Литмир - Электронная Библиотека

— Таких средств нет, и вы это знаете.

— Пора сматываться! — позвал его Люцифер.

— Погоди, я сейчас, — сказал Лепис и вплотную приблизился к Плиекшану. — Попробуйте в следующий раз ложную явку, — посоветовал он. — Назначьте в разных местах.

— Простите? — не понял Плиекшан.

— Все очень просто! — Лепис нетерпеливо схватил собеседника за отвороты пальто. — Оповестите всех, что готовится, скажем, раздача оружия, и назовите связным несколько разных явок. Не на квартирах, разумеется, чтобы не подвести людей. Понимаете?

— Теперь да, — улыбнулся Плиекшан. — Когда нагрянет полиция, сразу станет ясно, в какой группе провокатор.
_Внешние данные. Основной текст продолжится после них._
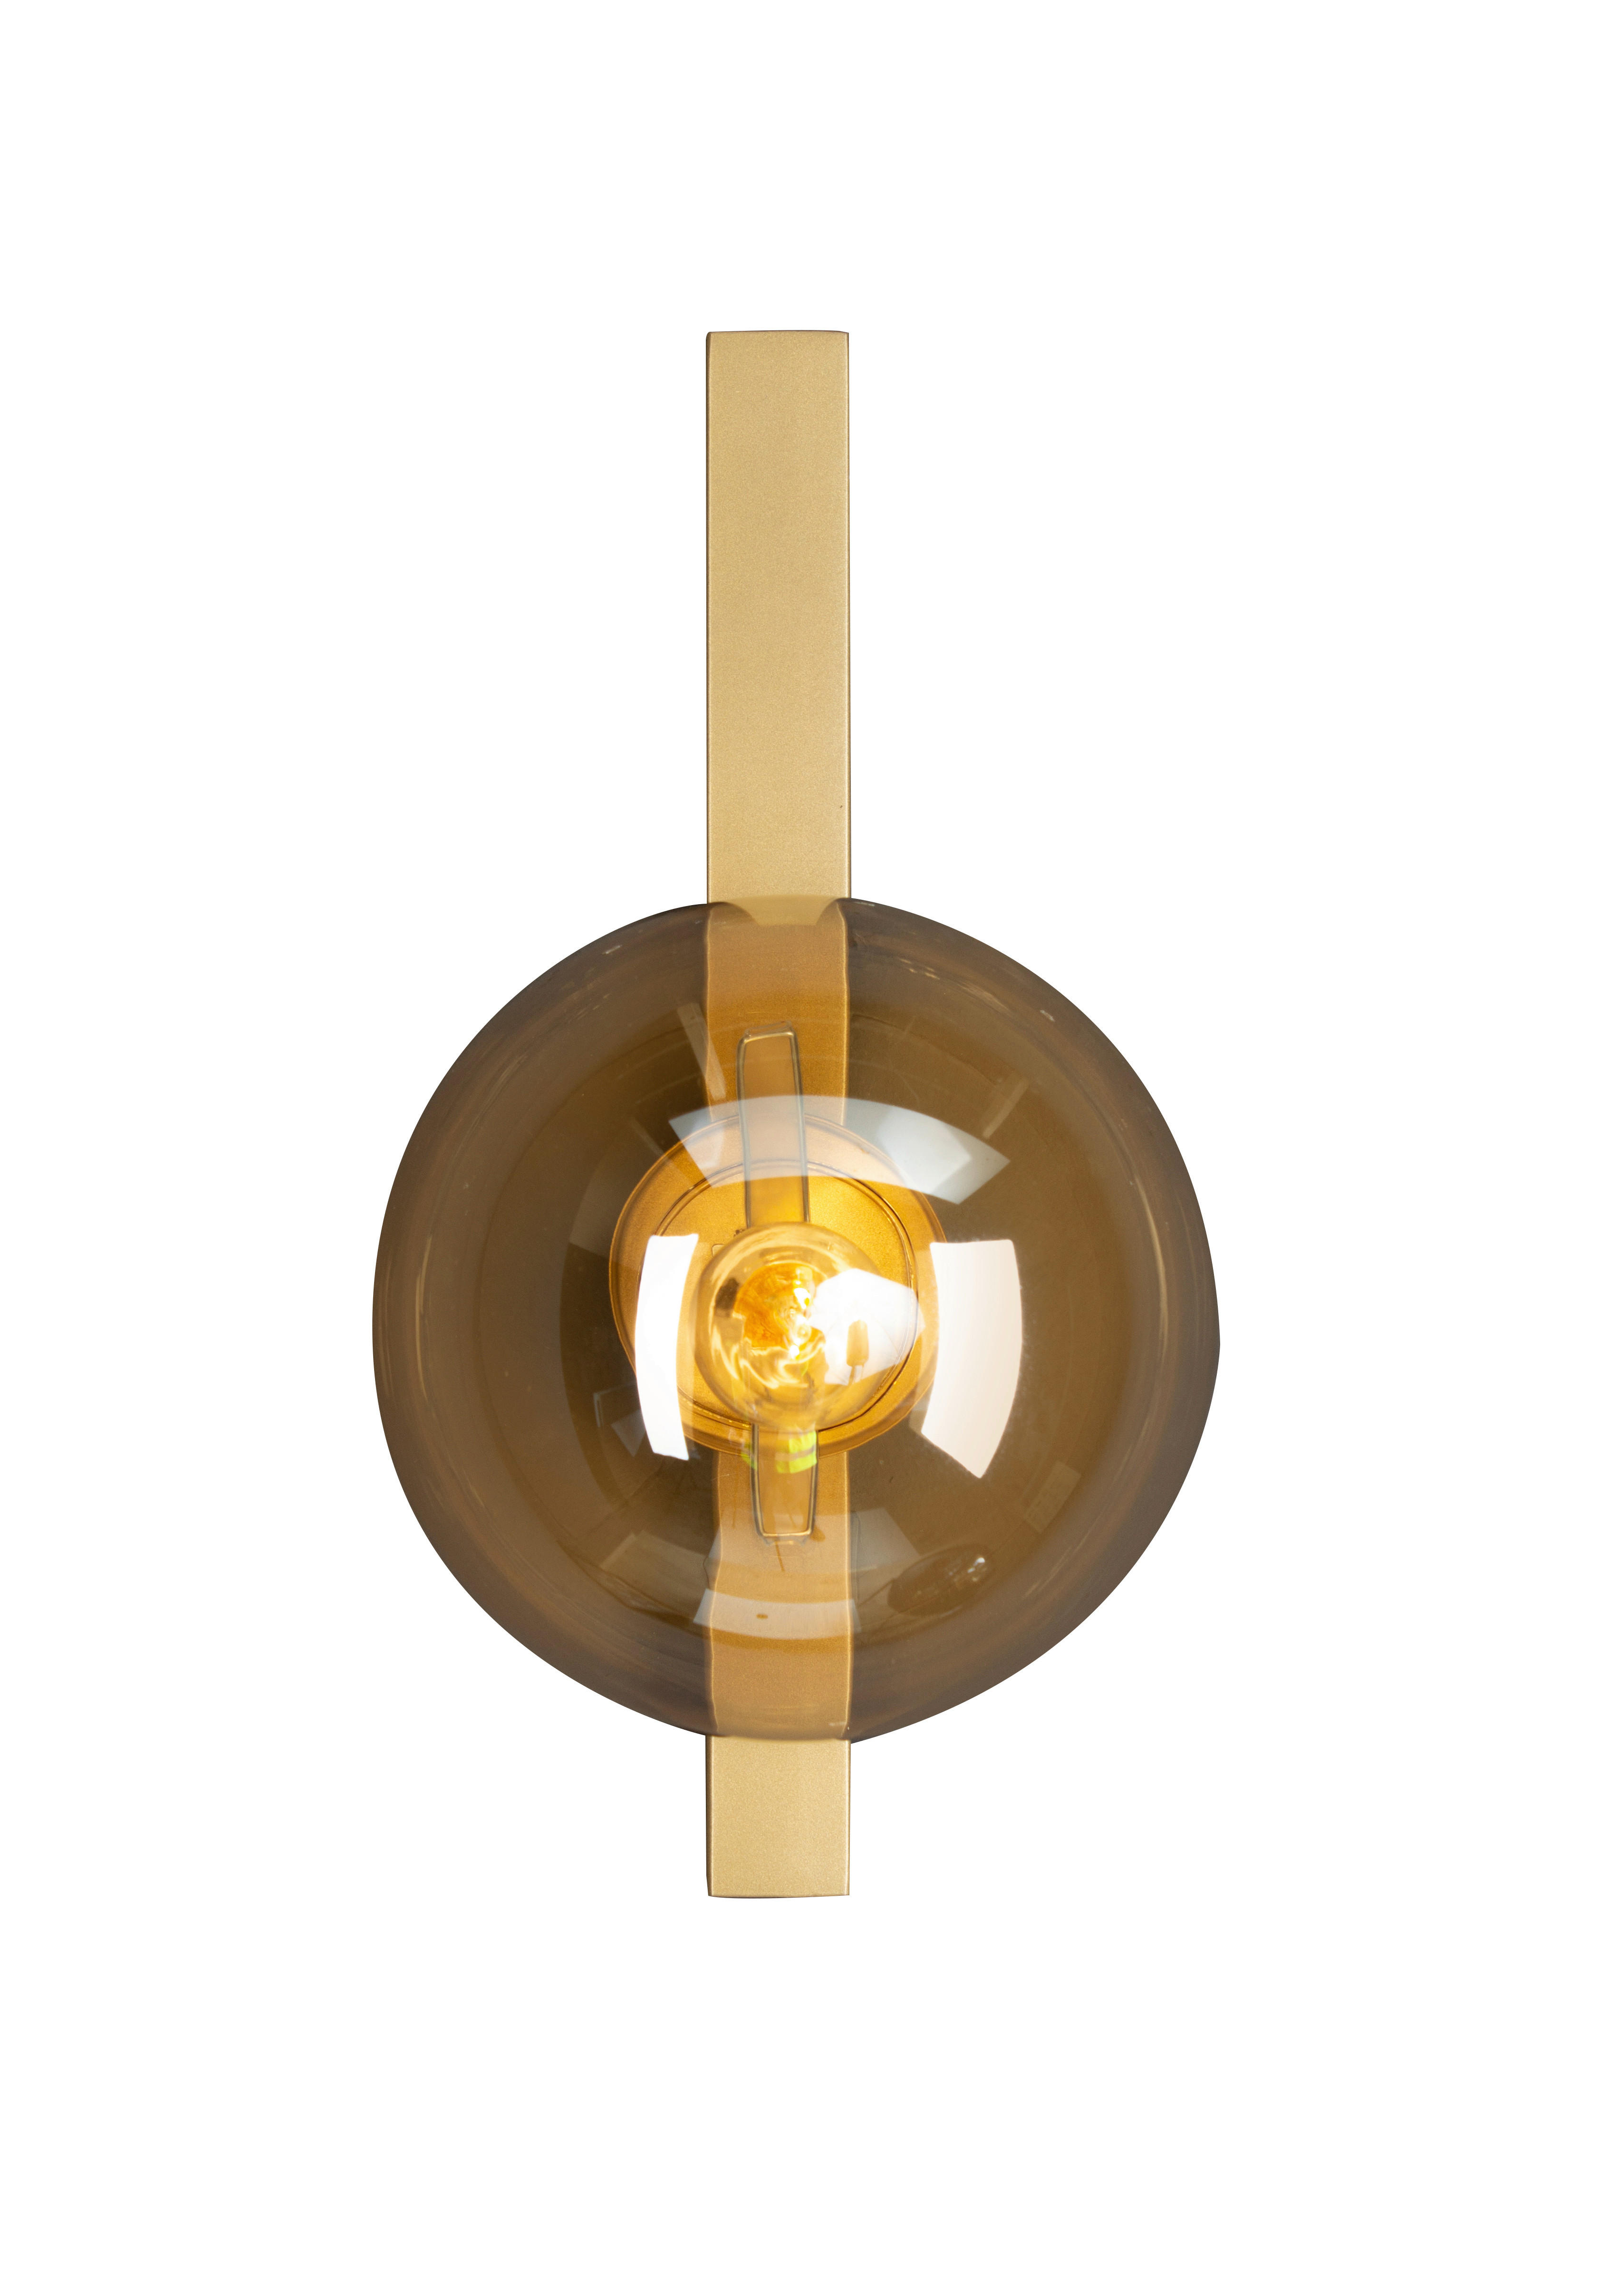 WANDLEUCHTE 28/14/16,5 cm   - Goldfarben/Bernsteinfarben, Design, Glas/Metall (28/14/16,5cm)

— Вот именно! — Лепис протянул ему на прощанье руку. — А там уже легче докопаться. — Жанис! — Он поманил Кронберга. — Райнис тебе все объяснит. Одолжи-ка мне свою роскошную шляпу.

ГЛАВА 4

Мягкое сказочное лето разлилось по городу. Оставляя лоснящийся след, словно цветочная пыльца, размазанная по лепесткам, сочился повсюду ленивый, расслабляющий блеск. Едва тронутые загаром, нежно туманились женские лица, мелькая из-под кружевных шляпок, неслись пролетки на дутых шинах и элегантные ландо, заливисто звенели громыхающие трамваи. Пестрая оживленная толпа сновала по магазинам, раскупая товары для загородных забав: наборы фейерверков, серсо, удочки, крокетные молотки и купальные принадлежности.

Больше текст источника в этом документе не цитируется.